* [Assigned task]
What the answer must hold is the line containing "1966 West Seattle" and all lines after it through the end of the listing, copied exactly, with pictures left out.

* [Source data]
•••

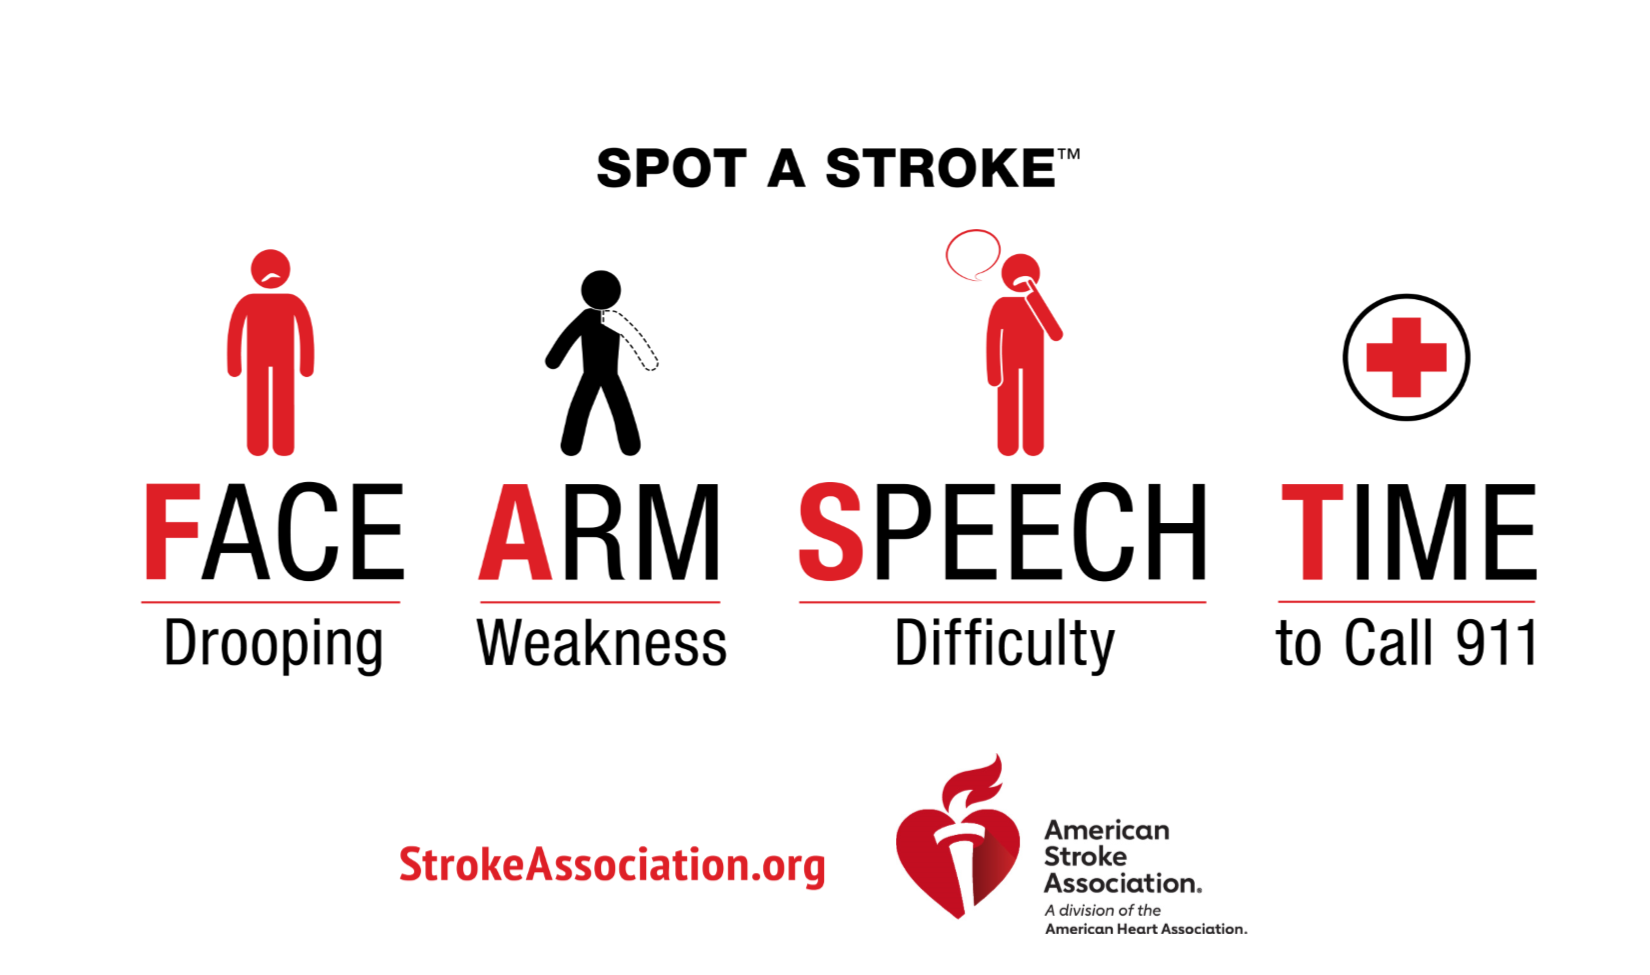 American Stroke Association offers tips to improve wellness and prevent stroke
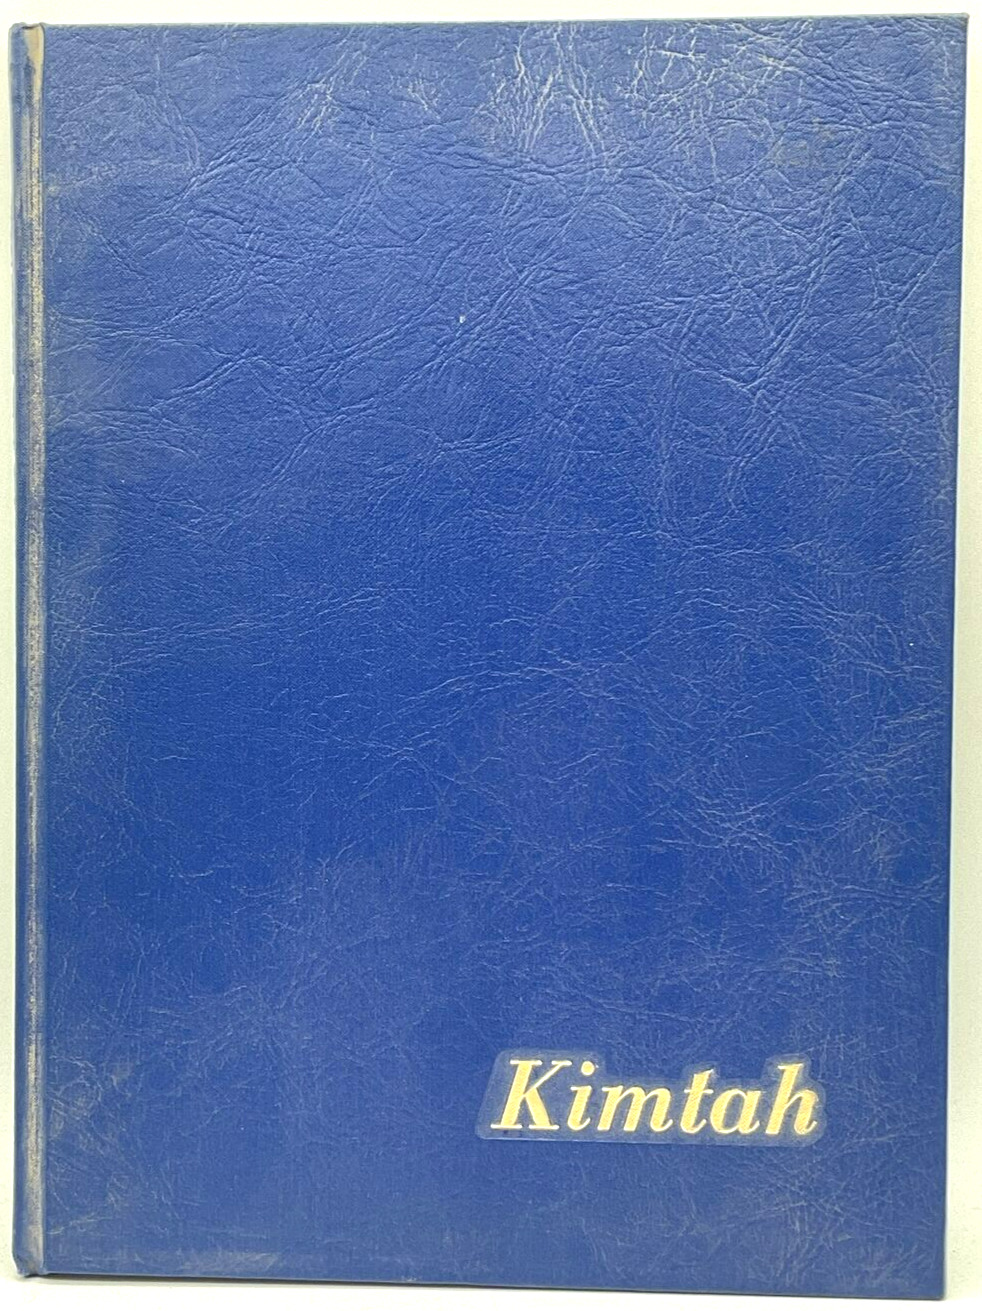 1966 West Seattle High School Annual Yearbook Kimtah Washington Sports Students
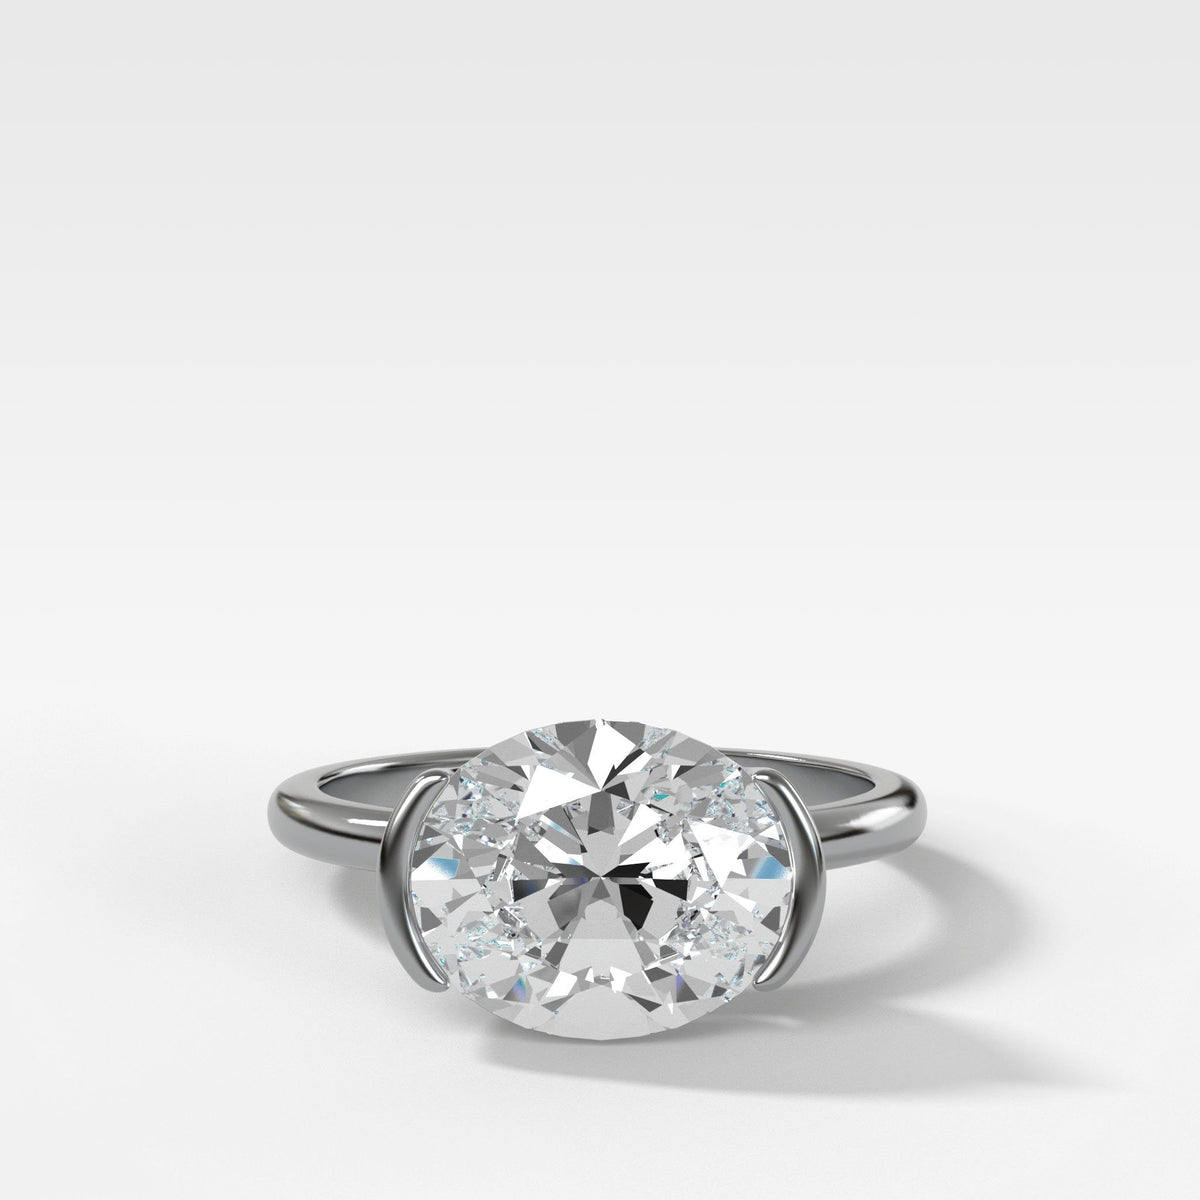 East West Half Bezel Solitaire Engagement Ring With Oval Cut in White Gold by Good Stone
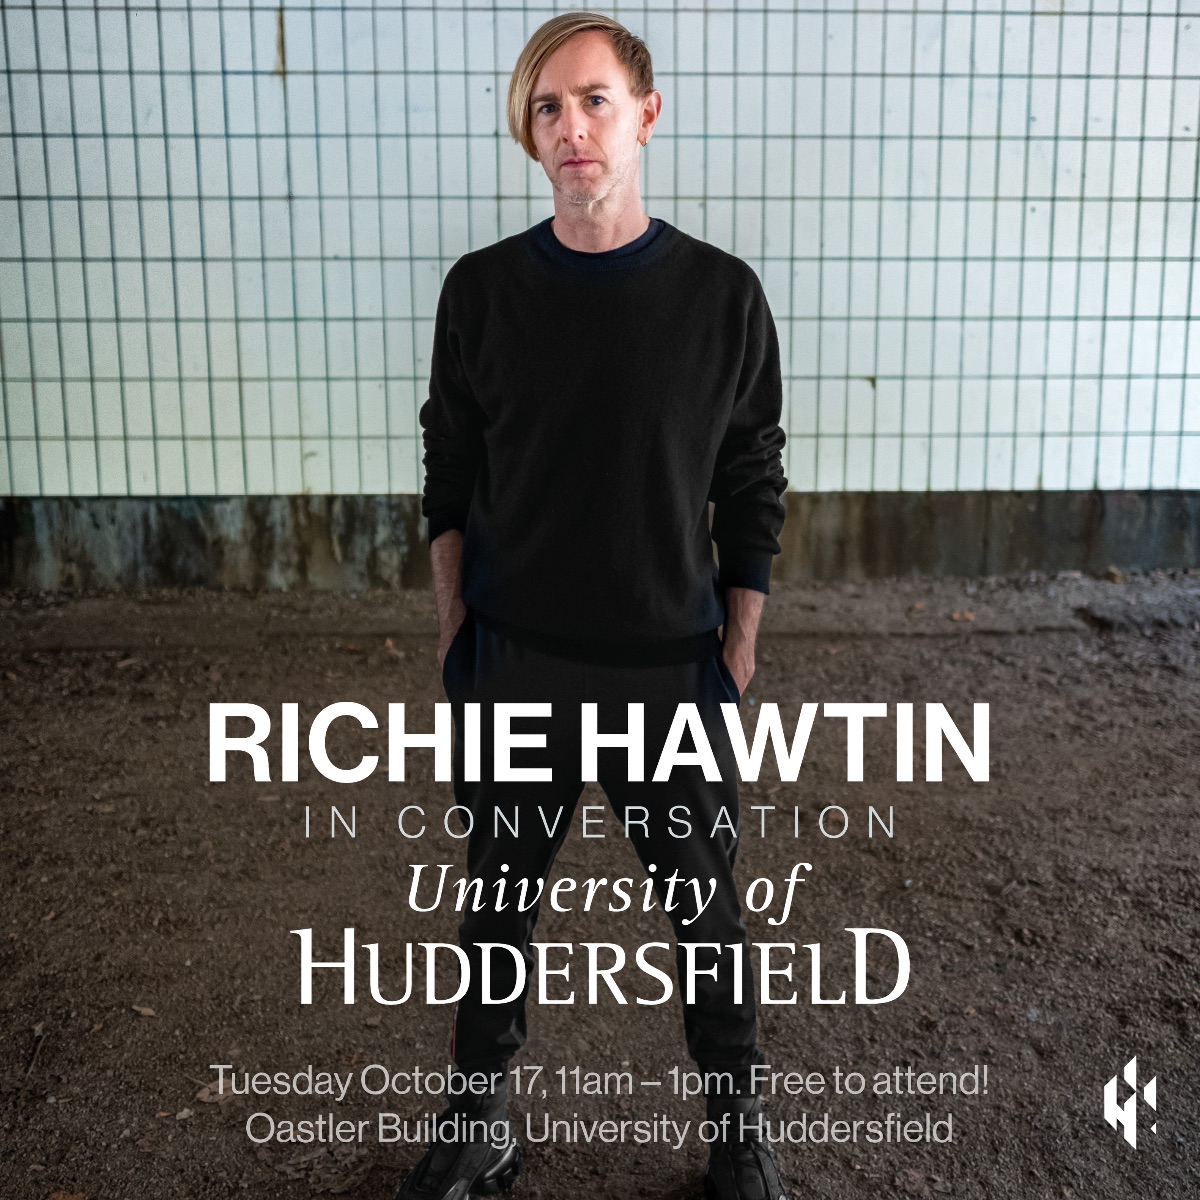 Richie Hawtin; the electronic music visionary and techno pioneer unveils winning PhD Scholarship at the University of Huddersfield

•••

* [Answer to the exercise]
 1966 West Seattle High School Annual Yearbook Kimtah Washington Sports Students
 East West Half Bezel Solitaire Engagement Ring With Oval Cut in White Gold by Good Stone
 Richie Hawtin; the electronic music visionary and techno pioneer unveils winning PhD Scholarship at the University of Huddersfield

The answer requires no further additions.